Satire de l’époque, fresque balzacienne, conte philosophique dont le vers de terre est le héros, Humus est un coup de maître et a marqué cette année littéraire. Rencontre avec son auteur, Gaspard Kœnig.
Deux amis étudiants en agronomie du prestigieux plateau de Saclay décident de s’engager pour l’écologie et de faire du ver de terre le héros d’un nouveau monde agricole. En lançant une start-up qui mise sur le compostage des lombrics, Kevin, le fils d’ouvriers, voit les choses en grand, mais est propulsé dans un monde impitoyable où règnent lobbyistes et politiques. Arthur, le petit bourgeois, fantasme, lui, un retour à la terre pour régénérer le champ familial ruiné par les pesticides, mais se prend de plein fouet la violence d’une vie de labeur. Un livre brillant, insolent et follement romanesque.

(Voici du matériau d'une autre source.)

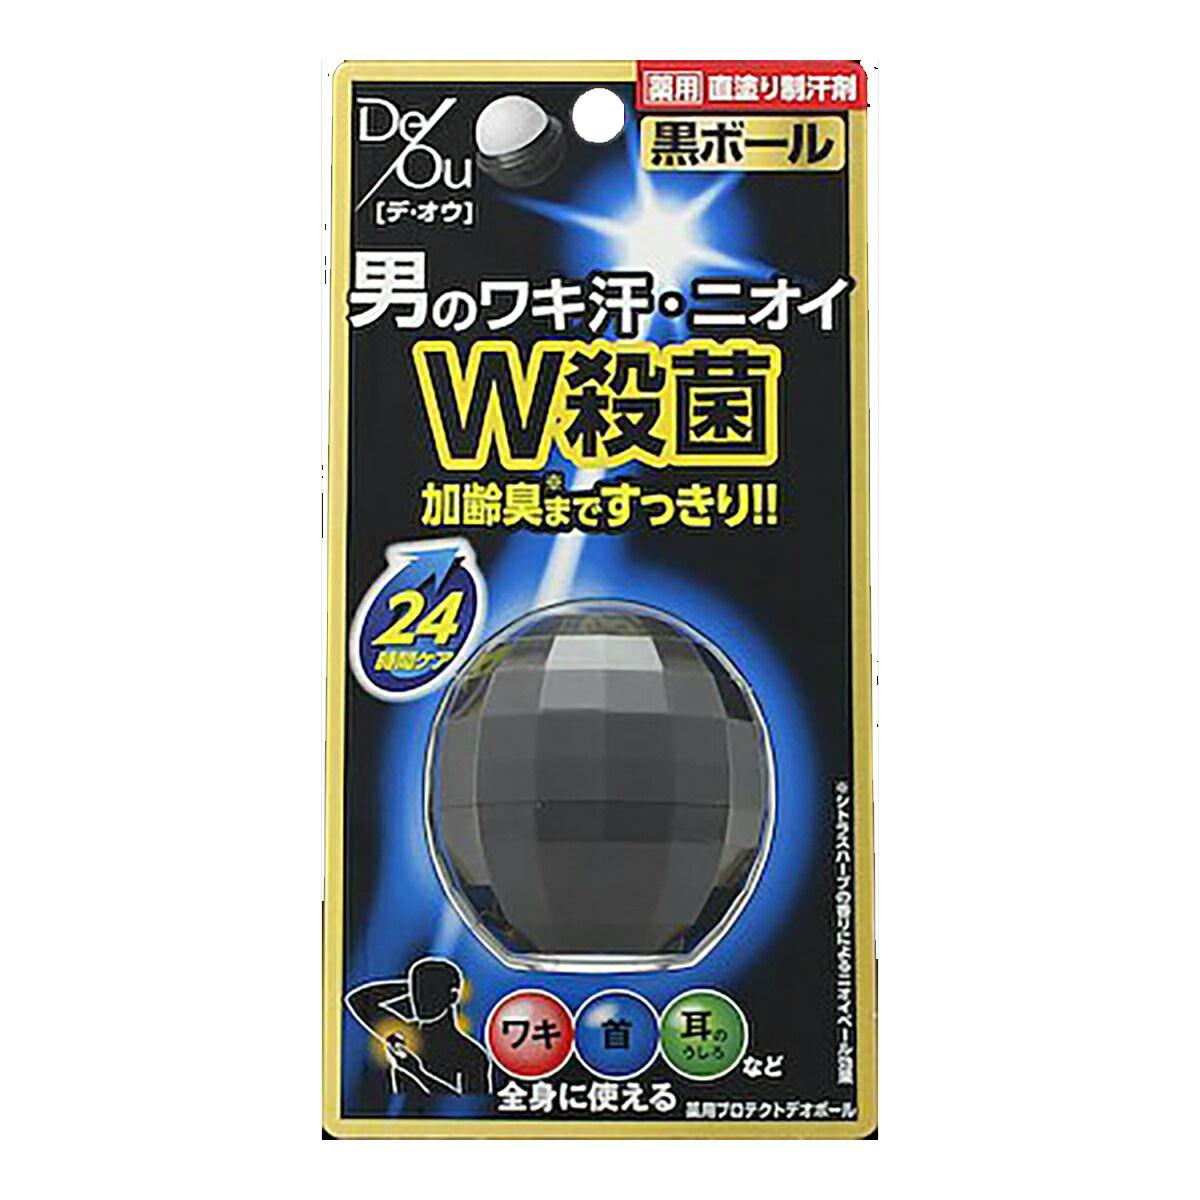 【36個で送料無料】ロート製薬 DeOu ( デ・オウ ) 薬用プロテクトデオボール ( 内容量:15G ) ×36点セット ( 4987241139033 )
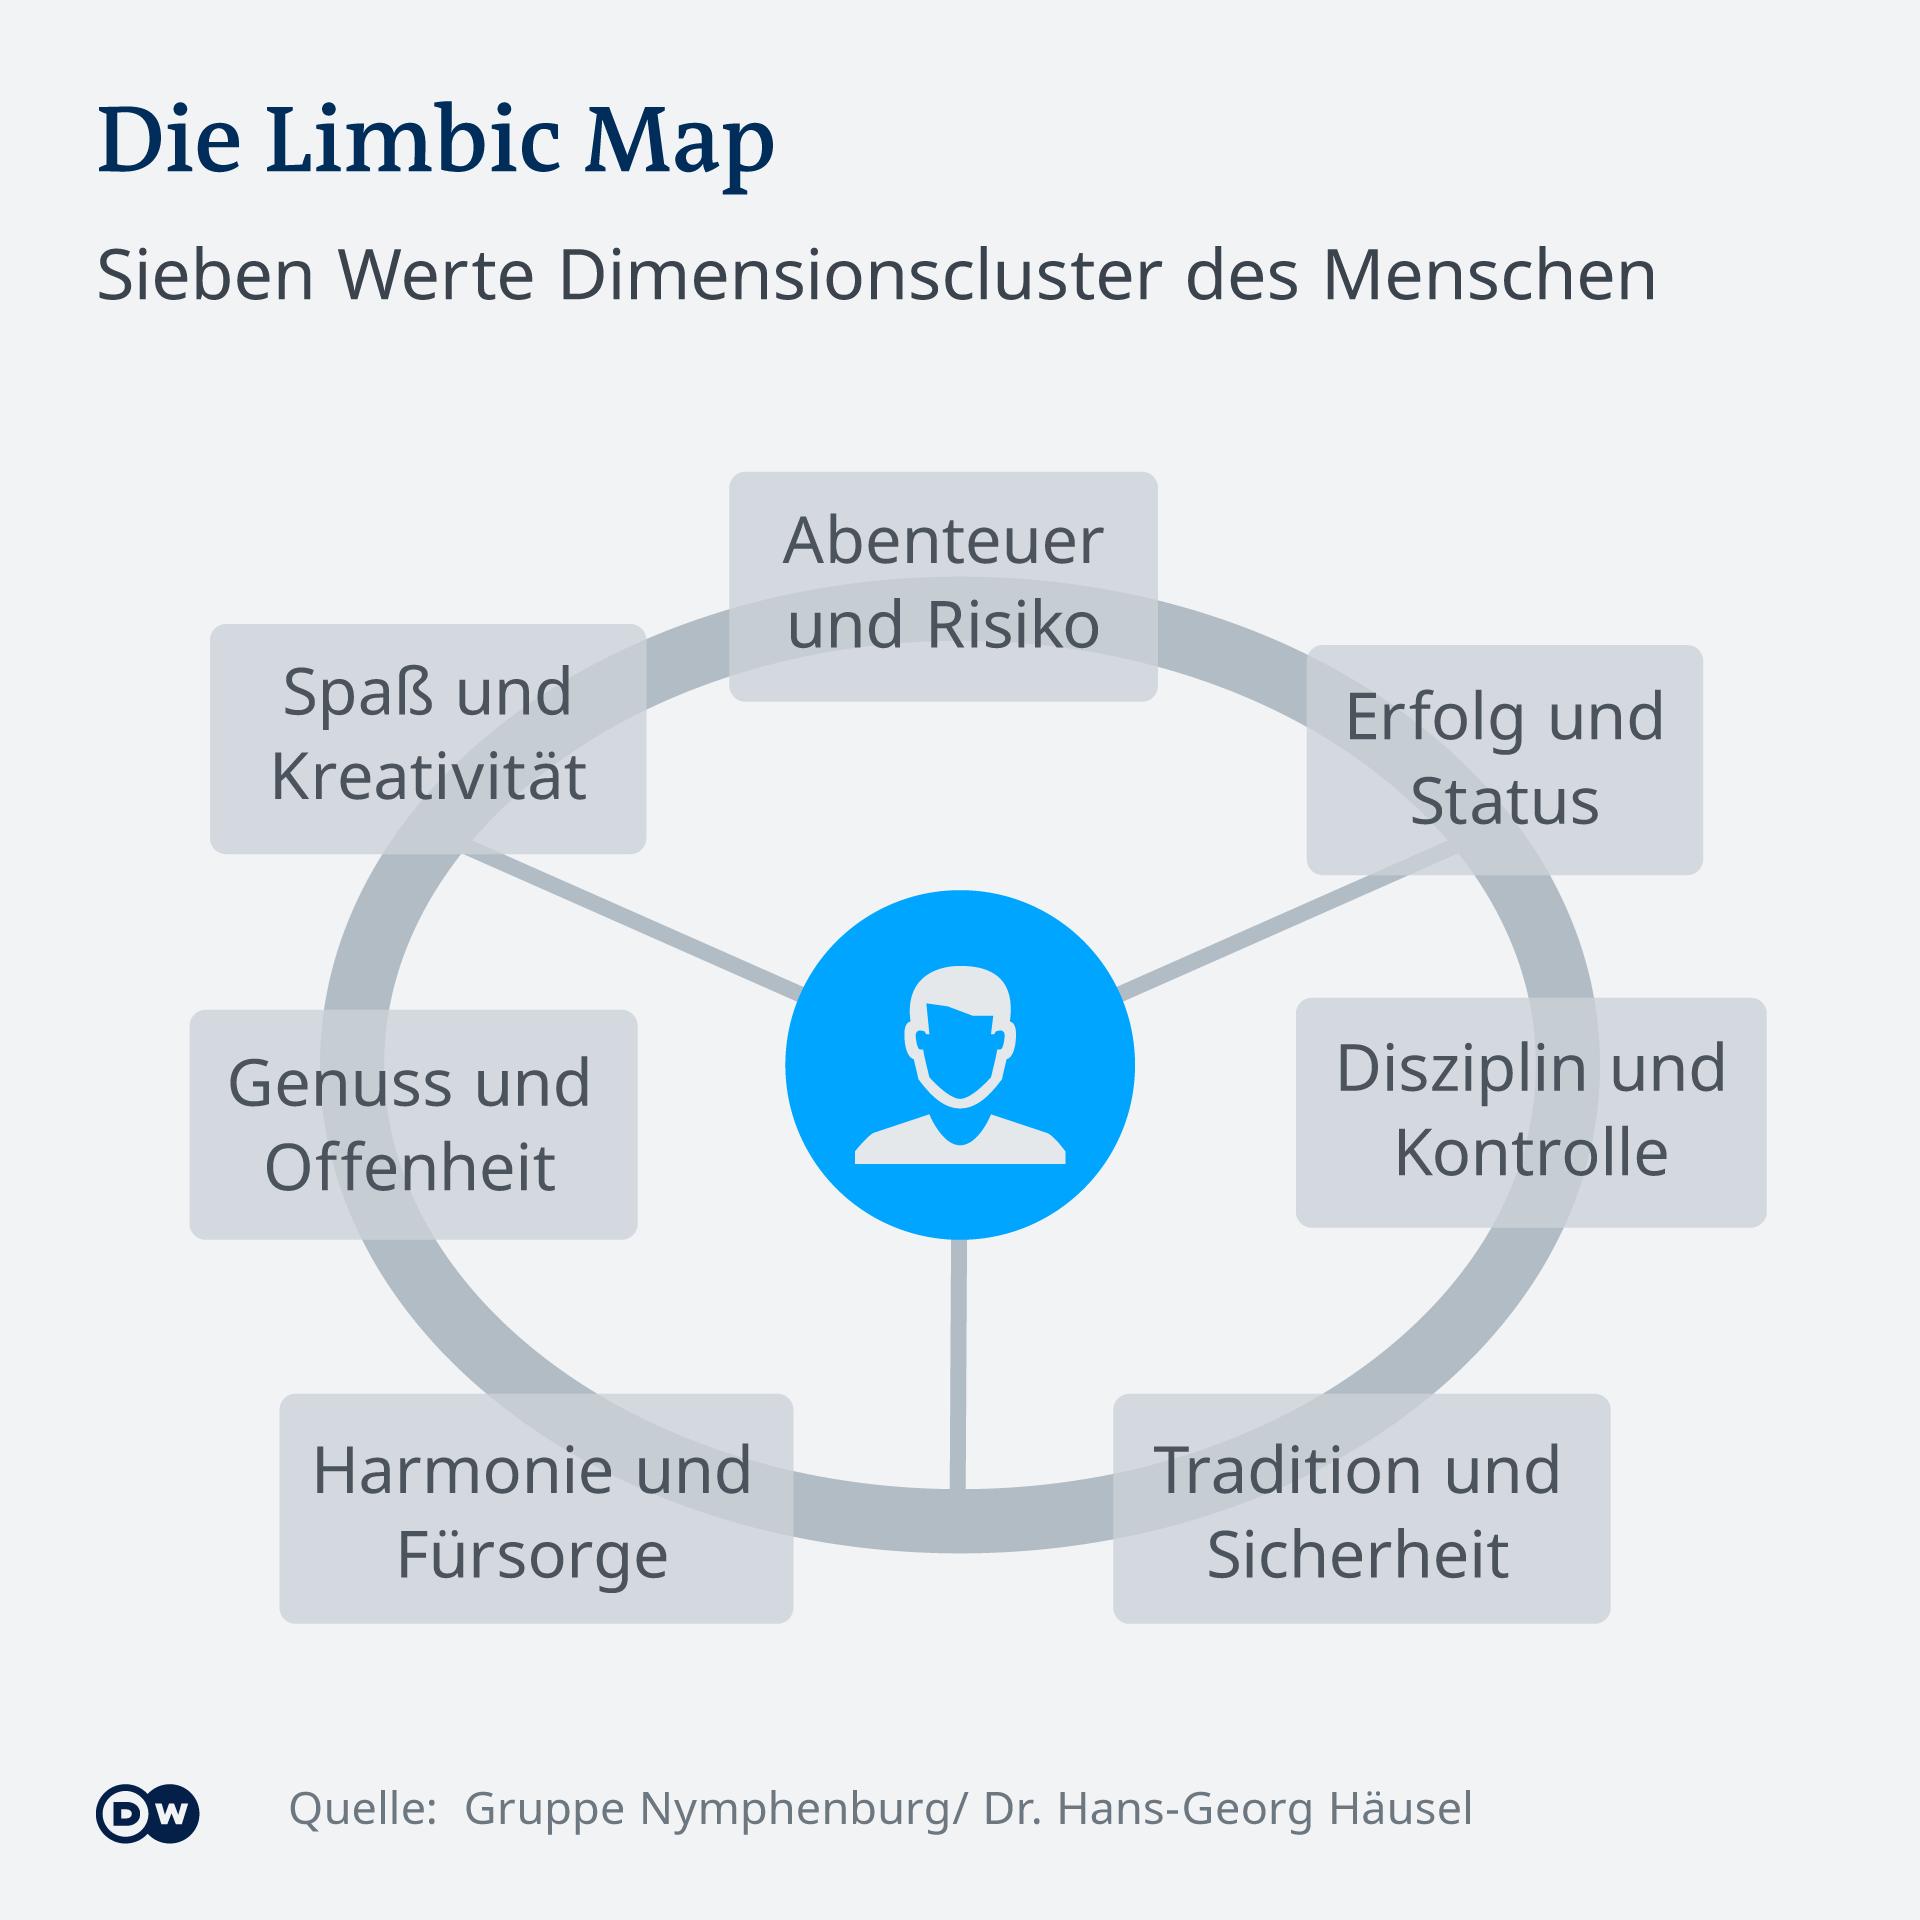 Die Infografik zeigt die Limbic Map, die Dr. Hans-Georg Häusel erfunden hat (mit Copyright): Sie unterscheidet in sieben Wertegruppen: Menschen, die Abenteuer und Risiko bevorzugen, Erfolg und Status, Disziplin und Kontrolle, Tradition und Sicherheit, Harmonie und Fürsorge, Genuss und Offenheit, sowie Spaß und Kreativität.
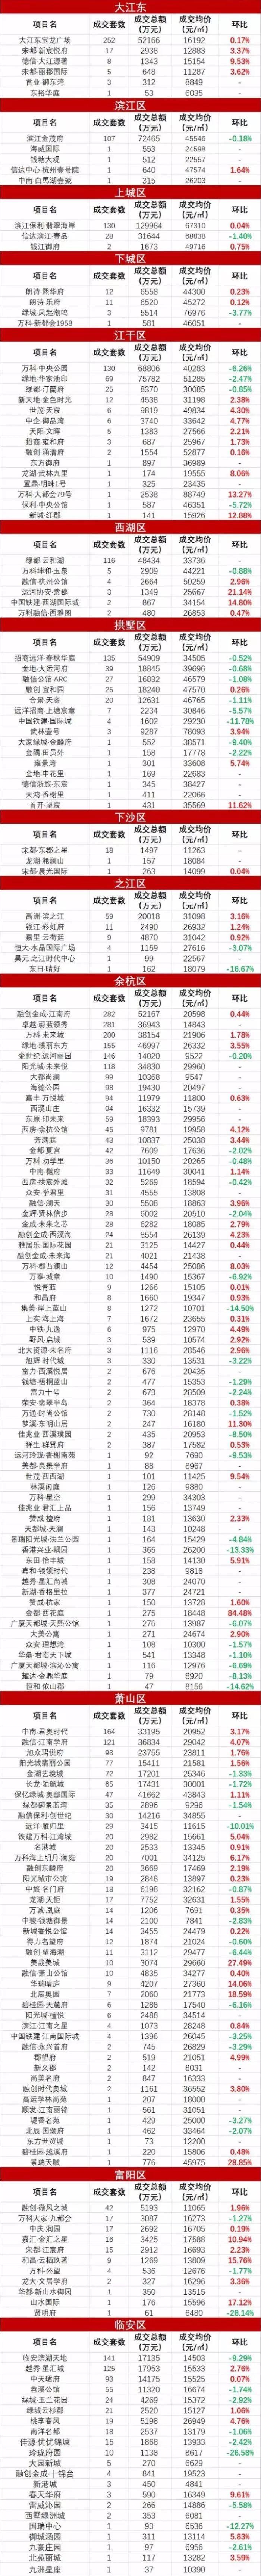 新房供应不足!大江东2月新盘价格曝光,这个楼盘单个项目上涨26.97%,均价33737元/㎡!

Dans quel état d’esprit êtes-vous après cette rentrée littéraire très intense ?
D’abord, ce qui me réjouit immensément, c’est qu’aux yeux de tous, je suis redevenu un romancier. Il y a longtemps eu quiproquo sur mon compte. Philosophe, intellectuel, romancier… On ne savait plus où me placer. Cette rentrée littéraire m’a ouvert un chemin merveilleux pour continuer à écrire des romans dans les années à venir. C’est un soulagement. Je sais ce que je vais faire quand je serai plus grand.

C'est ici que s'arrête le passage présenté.